Entsprechend müssen auch wir da natürlich hin und stellen vor Ort fest, dass wir nicht die Einzigen mit dieser Idee sind. Surprise. Unten an der offiziellen Aussichtsplattform schiebt sich die Menge, jeder will den einen Moment erwischen, in dem der Zug ins Gebäude eintaucht. Glücklicherweise entdeckt Anika aber einen kleinen Treppenaufgang in der Nähe der Station, und dieser führt gegen eine kleine Gebühr in eine quasi leere Wohnung, aus der man in Ruhe super Fotos von der Bahn und der Wohnung selbst machen kann. Deutlich entspannter als das Gedränge unten und definitiv zu empfehlen.







Dazu-Felsgrotten
Neben der Stadt selbst unternehmen wir auch noch eine Tagestour zu den Dazu-Felsgrotten.

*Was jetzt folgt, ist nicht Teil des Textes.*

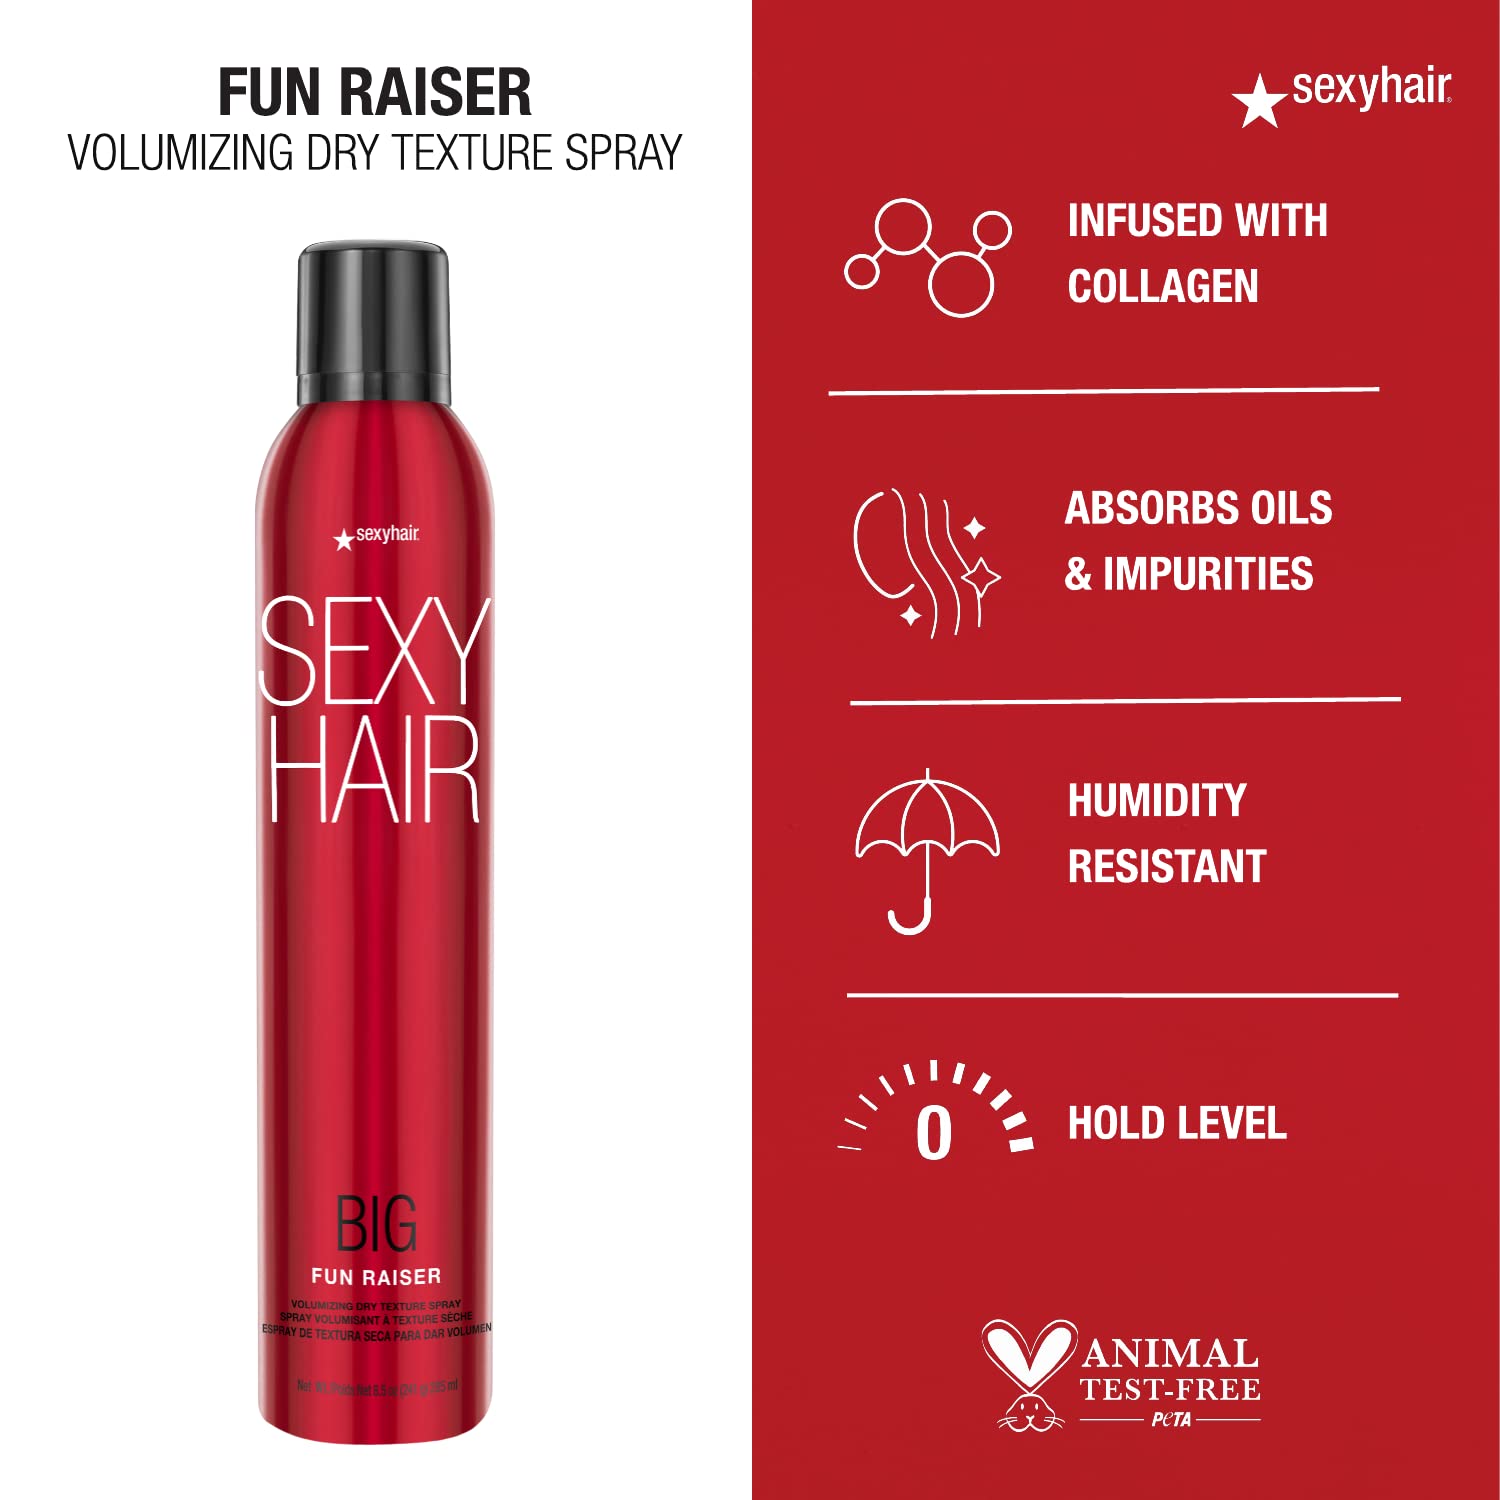 Big Sexy Hair Fun Raiser Texture Spray Benefits

Die Felsskulpturen von Dazu (大足石刻, Dàzú Shíkè) sind eine Reihe bedeutender religiöser Steinschnitzereien, deren Ursprünge bis ins 7. Jahrhundert zurückreichen. In ihrer Darstellung verschmelzen buddhistische, konfuzianische und daoistische Vorstellungen. Seit 1999 zählen sie zum UNESCO-Welterbe. Unter dem Begriff werden rund 75 geschützte Stätten zusammengefasst, die schätzungsweise 50.000 Statuen sowie über 100.000 chinesische Schriftzeichen an Inschriften enthalten. Zu finden sind sie an den steilen Hängen des Kreises Dazu nahe Chongqing, die künstlerischen Höhepunkte liegen an den Bergen Baodingshan und Beishan.




Der Ausflug hat sich definitiv gelohnt, super beeindruckend und spannend. Solche Orte live zu sehen ist nochmal etwas anderes als auf Fotos.
Fazit
Chongqing selbst war am Ende ganz cool, aber nicht so spektakulär, wie einem das online zu findende Material weismachen will. Die Stadt besticht schon durch die vielen verschiedenen Ebenen, auf denen man sich bewegt, und nachts leuchtet alles bunt, so super faszinierend wie erwartet war es am Ende aber dann doch nicht. Muss man mal gesehen haben, reicht dann aber auch. Also doch einfach nur 3D statt 5D.